Critical Capabilities
- CAMCapability Assessment Management
The Capability Assessment Management (CAM) capability is the ability of the organization to conduct current state evaluations and plan improvements for its portfolio of IT capabilities. Current state evaluations involve gathering and documenting data about the specific IT capabilities in the organization. The results then inform the planning and execution of improvement actions to deal with any deficiencies. The Capability Assessment Management (CAM) capability covers:
- Selecting an overarching capability framework and mapping other frameworks used in the organization to it.
- Managing continuous improvement of the organization’s IT capabilities.
- Securing appropriate senior management sponsorship for IT capability improvement.
- Promoting organizational buy-in and incentivizing participation in capability improvement evaluation and planning.
- Planning, preparing, and conducting capability evaluations.
- Setting IT capability targets and defining development roadmaps for key IT capabilities.
- EAMEnterprise Architecture Management
The Enterprise Architecture Management (EAM) capability is the ability to plan, design, manage, and control the conceptualization of systems, processes, and/or organizations, and the relationships between them. The conceptualization may be layered to represent specific types of relationships – for example, those between applications, business services, internal IT services, security, networking, data storage, and so on. The Enterprise Architecture Management (EAM) capability covers:
- Establishing principles to guide the design and evolution of systems, processes, and/or organizations.
- Providing a framework, including models or templates, that articulates the business, the technical architecture, and the relationships between them.
- Providing the architecture vision, roadmap, and governance, together with the approaches required for managing their life cycle.
- Managing the architectural skills and architecture resourcing.
- Communicating the impact of enterprise architecture activities.
- ISMInformation Security Management
The Information Security Management (ISM) capability is the ability to manage approaches, policies, and controls that safeguard the integrity, confidentiality, accessibility, accountability, and usability of digitized information resources5. The Information Security Management (ISM) capability covers:
- Preventing unauthorized access, use, disclosure, disruption, modification, or destruction of digitized information resources.

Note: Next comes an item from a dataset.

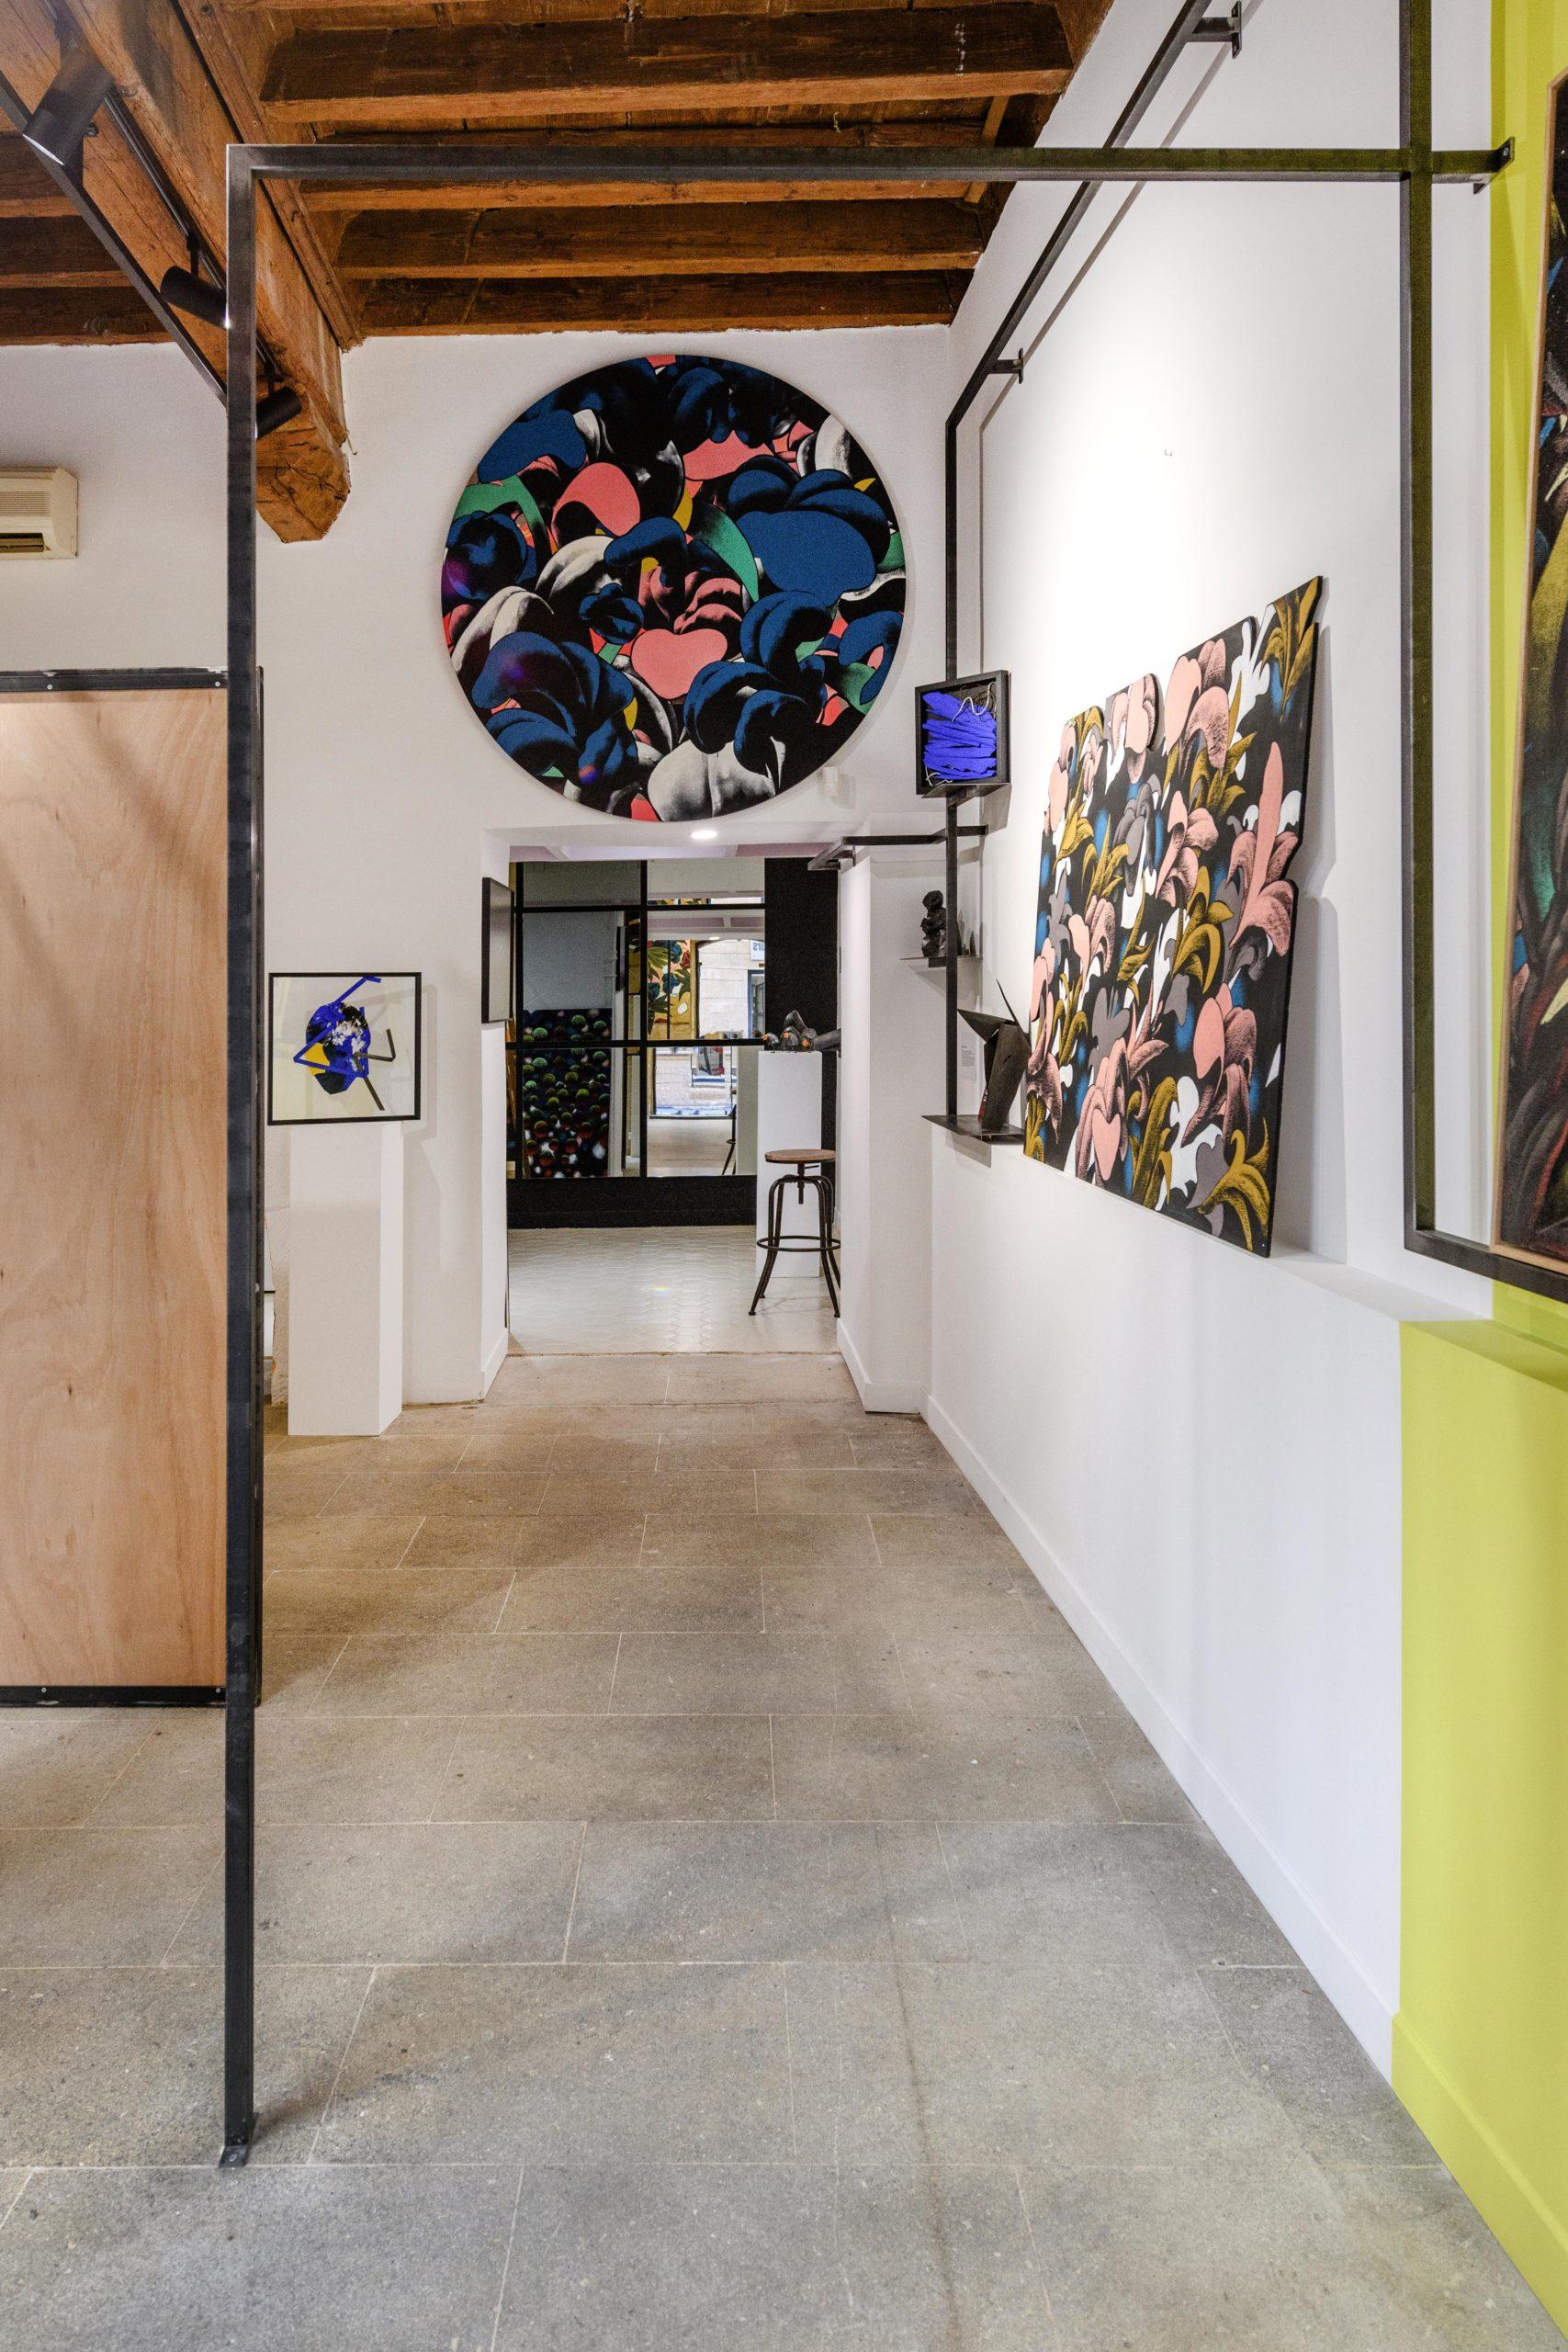 Galerie d'art contemporain Ars Longa

- Establishing an information security governance model, including allocating roles, responsibilities, and accountabilities.
- Measuring the effectiveness of existing security approaches, policies, and controls – for example, by applying security standards and conducting internal audits.
- Managing security-related communications and training of employees.
- Assessing, prioritizing, responding to, and monitoring information security risks and incidents.
- Securing physical IT components and IT areas.
- Providing expertise to protect, preserve, and/or destroy data in line with business, regulatory, and/or other security requirements.
- Reporting on information security activities and compliance levels.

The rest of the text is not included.